+140 The guy who was supposedly killed on the cross was actually killed by an Italian, amirite?

by Anonymous 1 year ago

Roman. Not Italian. It happened in Palestina, so the bloke was most likely NOT from the boot-shaped peninsula. And Italy didn't exist then, of course.

by Anonymous 1 year ago

I mean he could have been "Italian". He definitely wasnt Jewish; they were not down with Romeā€¦ really ever I think, but around and right after the time of Jesus there were a bunch of revolts against them.

by Anonymous 1 year ago

Yeah by this point, most Roman soldiery was a melting pot of a vast empire. Dude could easily have been Thracian or Iberian or Libyan.

by Anonymous 1 year ago

Ahhhh, my bad, must have been the Rome from Georgia then that the dude came from...

by Anonymous 1 year ago

Clearly the landmass existed, but Italy wasn't a country until a legal process began in 1815 and ended in 1861. At the time of Big J, Rome was the empire, but being an empire that spanned various countries, being Roman didn't mean you only came from the CityState of Rome.

by Anonymous 1 year ago

It's like he hasn't even seen Gladiator?!

by Anonymous 1 year ago

He is clearly not entertained!

by Anonymous 1 year ago

Still a non-zero chance that Rome had stationed ACTUAL Roman soldiers in an area highlighted as being a potential hotbed of civil unrest, at a time of civil unrest, to ensure peace or at least relay events back to the citystate of Rome. One of their jobs would most likely have been to ensure the prisoners were treated as required to show a Roman control. This would most effectively have been done by an actual Roman guard, from Rome. Not just a local who was born into the empire somewhere and handed the role by... Other locals who hated the Roman presence? Yeah, still a good chance the guard who thrust the spear was in fact from the place with the Parthenon...

by Anonymous 1 year ago

>still a good chance the guard who thrust the spear was in fact from the place with the Parthenon... Greek? I guess, yeah, but still Roman. Just like IRL... I'm from Northern Ireland, a part of the UK, but not Great Britain. However, my passport says my nationality is British. So that Greek, or Cyprian, or Turkish, or Syrian, or Egyptian (or rather, their home country name at the time) or wherever they came from, was still a Roman!

by Anonymous 1 year ago

You're playing dumb. Being Roman doesn't mean you are from Rome. It means you are a soldier (or citizen or whatever) of the Roman Empire. Know how empires work?

by Anonymous 1 year ago

Ohhhh!! Can I double down on being dumb then?
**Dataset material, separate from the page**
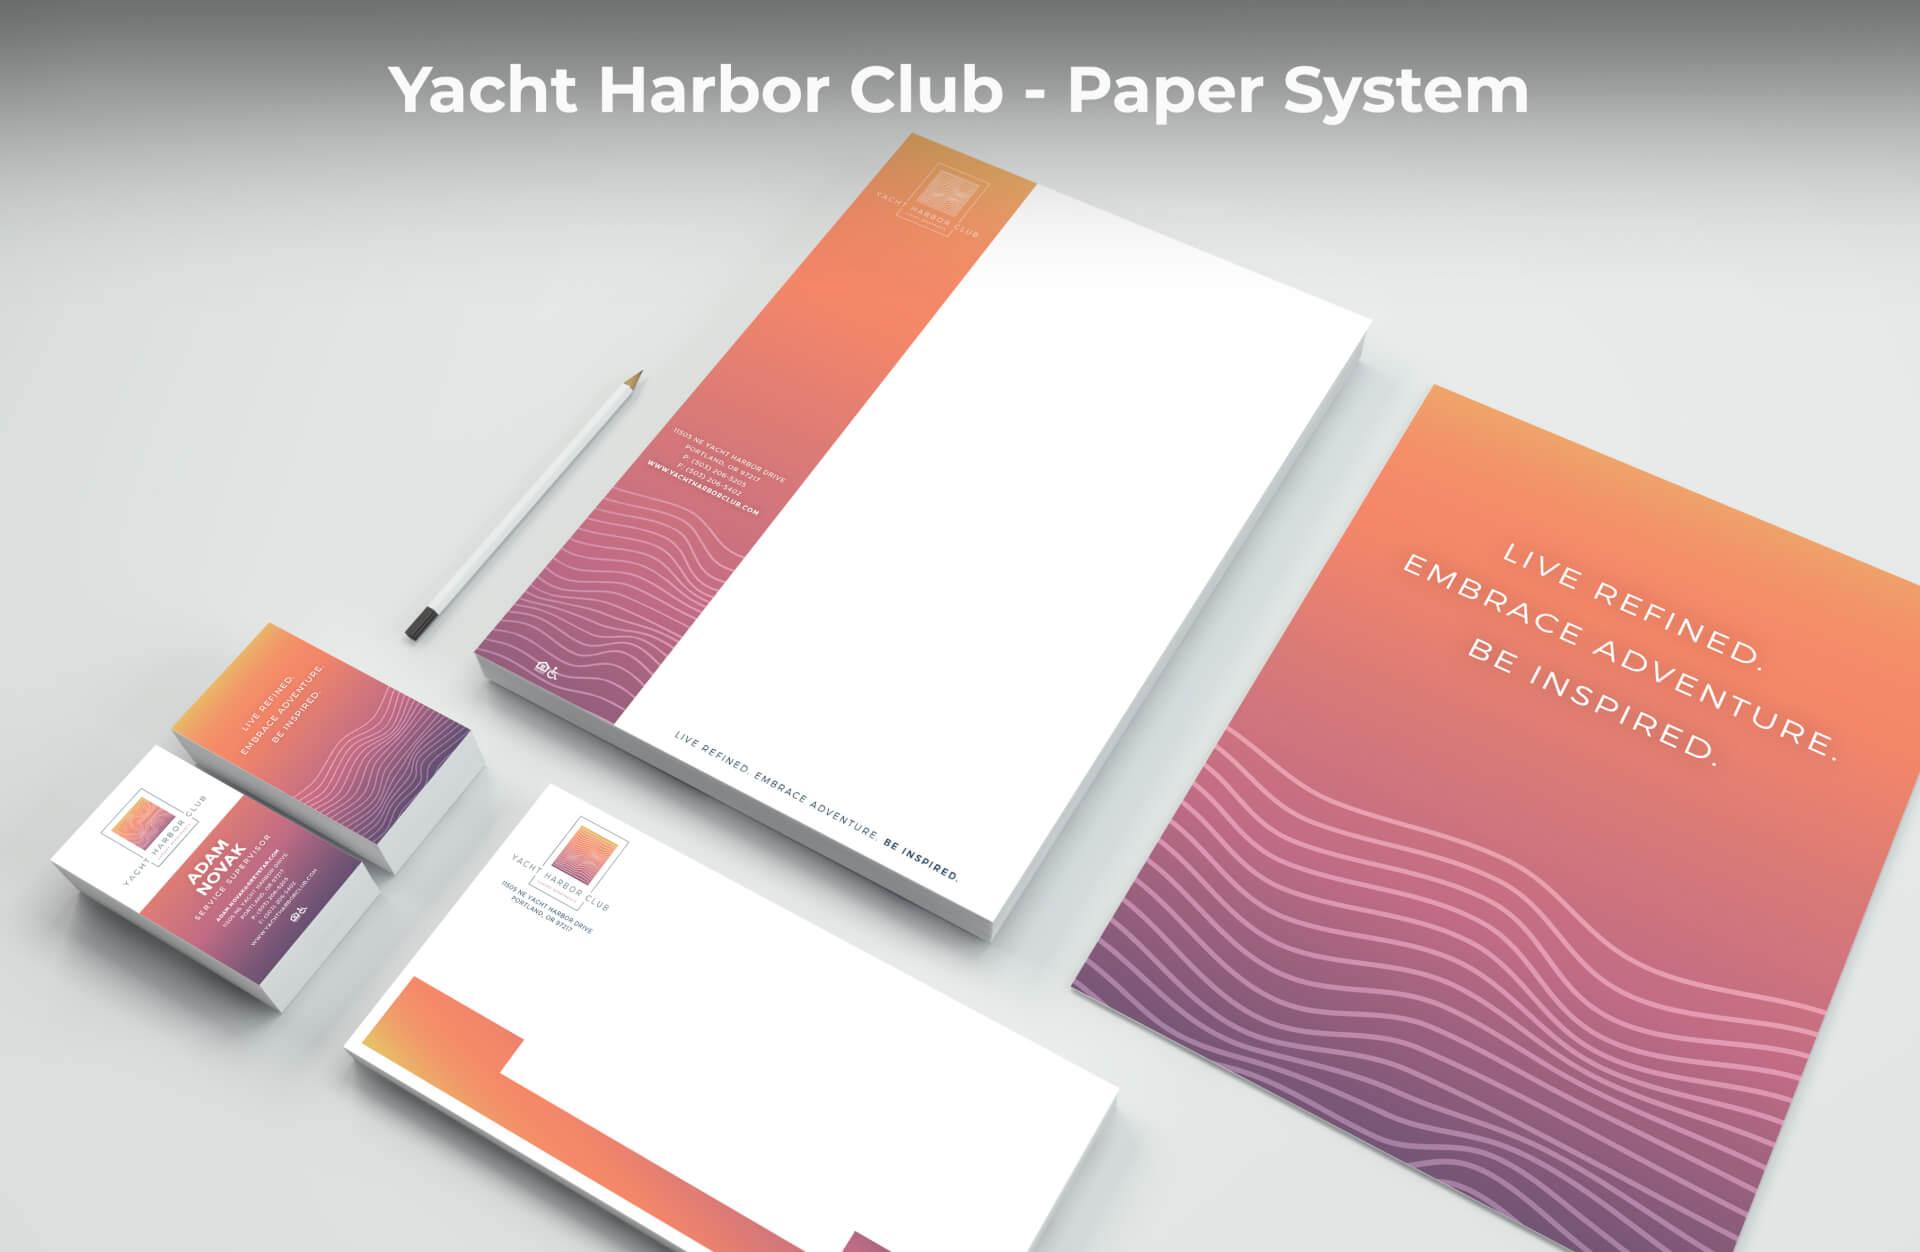 YHC Paper System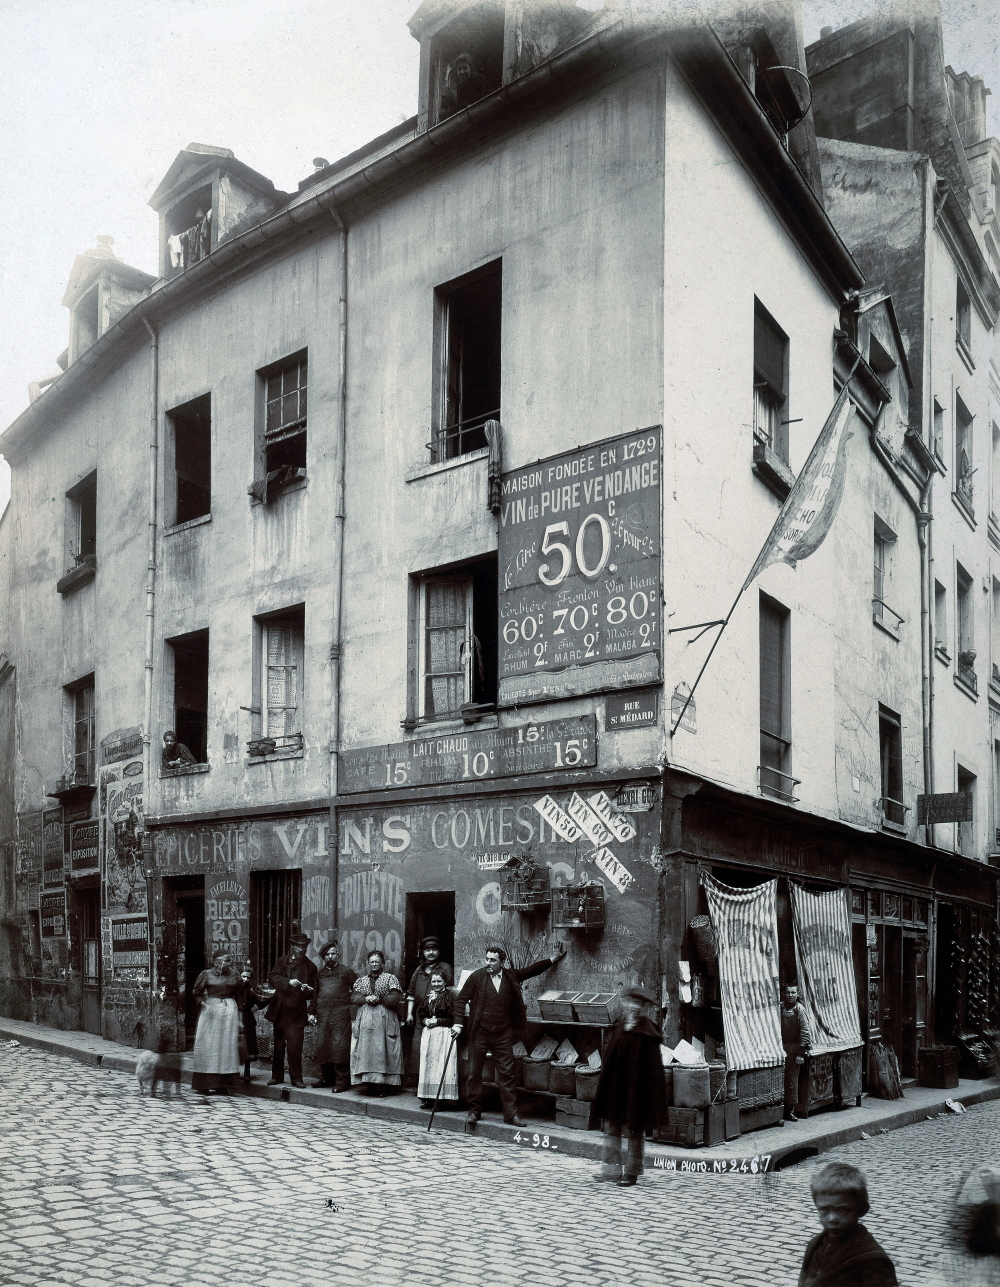 1898,UPF,rue Saint-Médard,21, rue Saint-Médard,Paris,France

So all of the Indians born in India between 1858 and 1947, as well as all of the other countries within that empire, were actually British? Or am I not being the dumb one now?

by Anonymous 1 year ago

Read my reply again. I said he was "soldier of the Roman Empire". I didn't say he was Roman. Indians born in the period you mentioned were born as citizens (if the status of citizenship applies) of the British Empire. But they were indeed Indians.

by Anonymous 1 year ago

Um, Roman armies came from across the empire. A large percentage - if not majority - were auxiliaries from outside Italy. A Roman soldier was as likely to be a German, Gaul, or African as an Italian.

by Anonymous 1 year ago

Maybe I'm being dumb, but what's the significance of this? Is there a widespread belief that he wasn't killed by the Romans?

by Anonymous 1 year ago

No there is widespread belief that although he was Jewish, he was killed BY the Jews. Also more the fact that when referring to Romans, as like some sort of mysterious ancient people's with their chariots and colloseum and togas, it's really just Italian people from ages ago.

by Anonymous 1 year ago

Roman empire was huge, a random legionnaire could be from anywhere between Spain to Mesopotamia. Italy was a province back then and the one you are referring to was established in 1861. Other than that nails are not the case of death during crucifixion, victims suffocate due to chest muscle fatigue.